MATERIAL TO PROCESS.
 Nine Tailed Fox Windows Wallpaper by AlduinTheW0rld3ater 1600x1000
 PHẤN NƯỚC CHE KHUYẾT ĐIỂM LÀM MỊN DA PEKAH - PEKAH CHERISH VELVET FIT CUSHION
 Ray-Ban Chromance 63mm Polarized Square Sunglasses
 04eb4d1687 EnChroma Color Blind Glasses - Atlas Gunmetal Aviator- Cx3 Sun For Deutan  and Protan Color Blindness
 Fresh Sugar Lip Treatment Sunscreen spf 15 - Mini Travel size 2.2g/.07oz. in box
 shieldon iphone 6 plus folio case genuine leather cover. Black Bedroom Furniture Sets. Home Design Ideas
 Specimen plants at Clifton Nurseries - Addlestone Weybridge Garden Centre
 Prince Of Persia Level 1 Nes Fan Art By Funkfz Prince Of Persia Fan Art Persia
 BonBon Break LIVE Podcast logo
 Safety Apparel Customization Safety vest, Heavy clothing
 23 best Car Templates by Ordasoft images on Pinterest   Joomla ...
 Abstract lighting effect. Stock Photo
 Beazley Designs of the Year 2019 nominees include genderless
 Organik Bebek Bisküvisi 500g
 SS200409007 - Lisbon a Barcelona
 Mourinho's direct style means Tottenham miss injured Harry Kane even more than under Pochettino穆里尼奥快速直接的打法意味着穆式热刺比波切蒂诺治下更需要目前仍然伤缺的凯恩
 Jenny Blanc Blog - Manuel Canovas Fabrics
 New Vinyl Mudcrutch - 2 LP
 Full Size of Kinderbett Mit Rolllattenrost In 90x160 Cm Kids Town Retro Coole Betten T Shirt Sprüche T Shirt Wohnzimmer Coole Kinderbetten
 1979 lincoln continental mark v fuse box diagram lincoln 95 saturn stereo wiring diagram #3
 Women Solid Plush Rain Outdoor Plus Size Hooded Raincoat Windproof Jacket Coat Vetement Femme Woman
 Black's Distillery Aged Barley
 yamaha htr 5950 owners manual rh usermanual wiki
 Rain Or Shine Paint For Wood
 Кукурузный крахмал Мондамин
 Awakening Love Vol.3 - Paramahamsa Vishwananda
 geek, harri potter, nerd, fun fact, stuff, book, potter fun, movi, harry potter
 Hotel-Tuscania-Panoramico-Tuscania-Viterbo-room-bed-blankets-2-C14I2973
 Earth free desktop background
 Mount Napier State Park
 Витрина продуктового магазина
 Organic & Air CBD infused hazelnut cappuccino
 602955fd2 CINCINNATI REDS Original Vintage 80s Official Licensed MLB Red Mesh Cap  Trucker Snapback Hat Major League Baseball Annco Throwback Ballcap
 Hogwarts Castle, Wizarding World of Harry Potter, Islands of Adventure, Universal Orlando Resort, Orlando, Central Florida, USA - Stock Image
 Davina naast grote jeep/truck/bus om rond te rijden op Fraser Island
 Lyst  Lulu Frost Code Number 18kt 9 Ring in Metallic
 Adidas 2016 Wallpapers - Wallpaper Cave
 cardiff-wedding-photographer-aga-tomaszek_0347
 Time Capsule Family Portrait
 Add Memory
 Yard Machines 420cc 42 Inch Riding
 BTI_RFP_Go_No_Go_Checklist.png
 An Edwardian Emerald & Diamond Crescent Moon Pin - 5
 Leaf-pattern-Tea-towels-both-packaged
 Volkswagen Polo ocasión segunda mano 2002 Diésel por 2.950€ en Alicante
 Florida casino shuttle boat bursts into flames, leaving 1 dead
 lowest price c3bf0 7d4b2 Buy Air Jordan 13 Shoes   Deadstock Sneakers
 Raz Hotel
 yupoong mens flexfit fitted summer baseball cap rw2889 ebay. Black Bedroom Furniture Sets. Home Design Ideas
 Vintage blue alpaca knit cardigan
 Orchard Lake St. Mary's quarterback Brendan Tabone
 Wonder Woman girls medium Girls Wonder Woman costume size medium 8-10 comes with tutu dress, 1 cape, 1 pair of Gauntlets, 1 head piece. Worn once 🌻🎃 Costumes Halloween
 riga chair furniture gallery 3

THE TASK.
Once you find the line with "1979 lincoln continental" in the entries above, output it and each line after it up to and including the line with "Кукурузный крахмал Мондамин", and nothing else.

FINISHED EXERCISE.
 1979 lincoln continental mark v fuse box diagram lincoln 95 saturn stereo wiring diagram #3
 Women Solid Plush Rain Outdoor Plus Size Hooded Raincoat Windproof Jacket Coat Vetement Femme Woman
 Black's Distillery Aged Barley
 yamaha htr 5950 owners manual rh usermanual wiki
 Rain Or Shine Paint For Wood
 Кукурузный крахмал Мондамин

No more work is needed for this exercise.